The researchers created 'SkillsBench,' a collection of 86 different tasks across many areas like software development and healthcare. They tested agents in three ways: without any Skills, with pre-made (curated) Skills, and with Skills the agent generated on its own. They ran these tests with different agent setups and tracked how often the agent successfully completed each task. They found that pre-made Skills generally helped, but the amount of improvement varied a lot depending on the task. Importantly, agents couldn't reliably create Skills that improved their performance.

Why it matters?

This work is important because it provides a standardized way to evaluate Skills for LLM agents. It shows that while Skills can be helpful, they aren't a guaranteed improvement and that simply giving an agent a lot of information isn't as effective as focused, well-designed instructions. It also suggests that relying on agents to create their own instructions isn't a viable strategy, at least with current technology, and that smaller models can perform as well as larger ones when equipped with good Skills.

Abstract

Agent Skills are structured packages of procedural knowledge that augment LLM agents at inference time. Despite rapid adoption, there is no standard way to measure whether they actually help. We present SkillsBench, a benchmark of 86 tasks across 11 domains paired with curated Skills and deterministic verifiers. Each task is evaluated under three conditions: no Skills, curated Skills, and self-generated Skills. We test 7 agent-model configurations over 7,308 trajectories.
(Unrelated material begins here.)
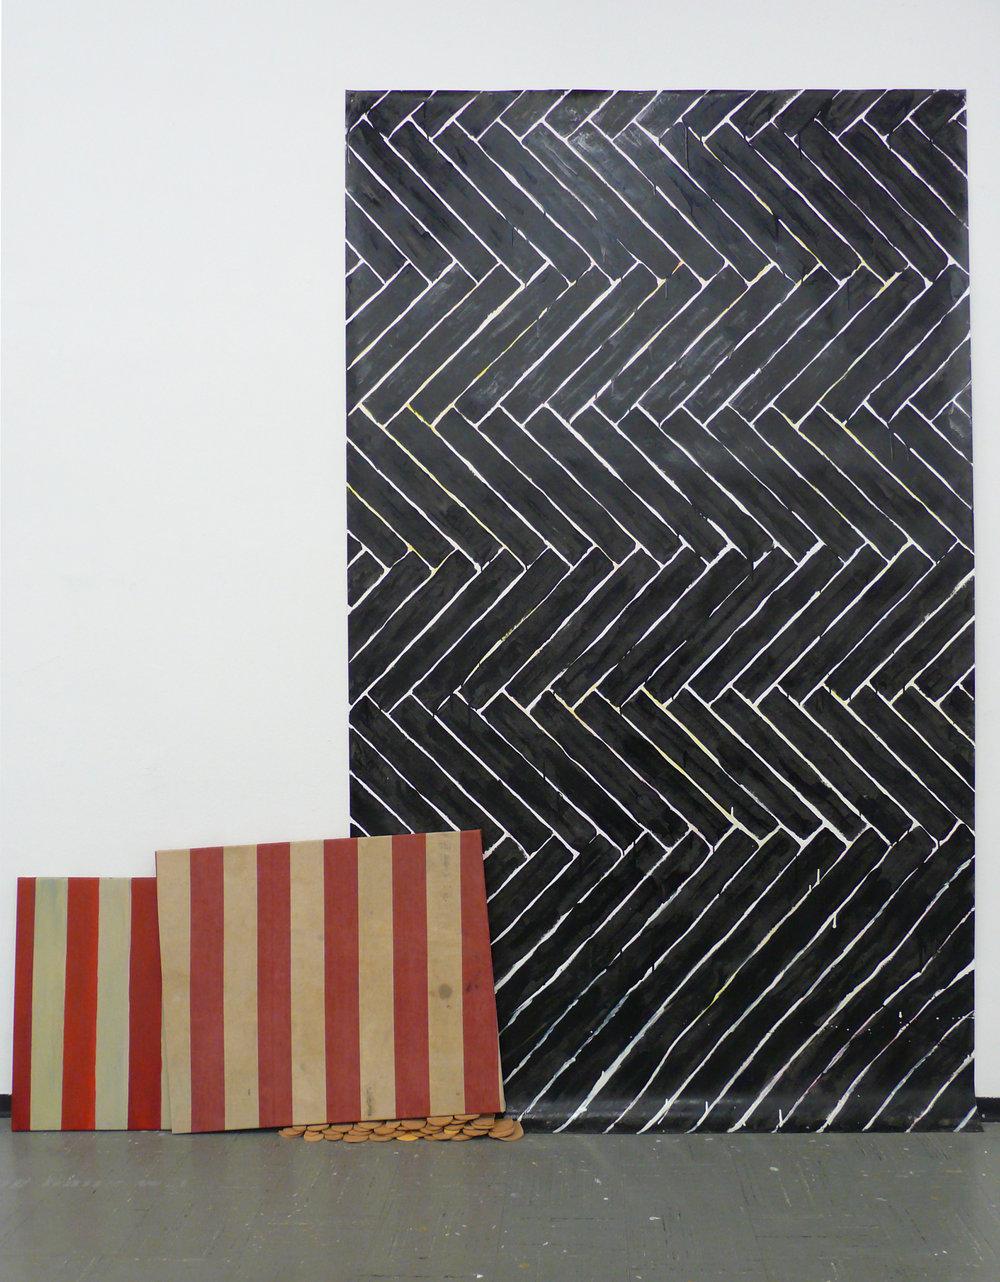 Ohne Titel, 2010 Öl auf Leinwand, Stoff, ungebrannter Ton,80 x 130 x 15 cm Lack auf Papier, 250 x 150 cm

Curated Skills raise average pass rate by 16.2 percentage points(pp), but effects vary widely by domain (+4.5pp for Software Engineering to +51.9pp for Healthcare) and 16 of 84 tasks show negative deltas. Self-generated Skills provide no benefit on average, showing that models cannot reliably author the procedural knowledge they benefit from consuming. Focused Skills with 2--3 modules outperform comprehensive documentation, and smaller models with Skills can match larger models without them.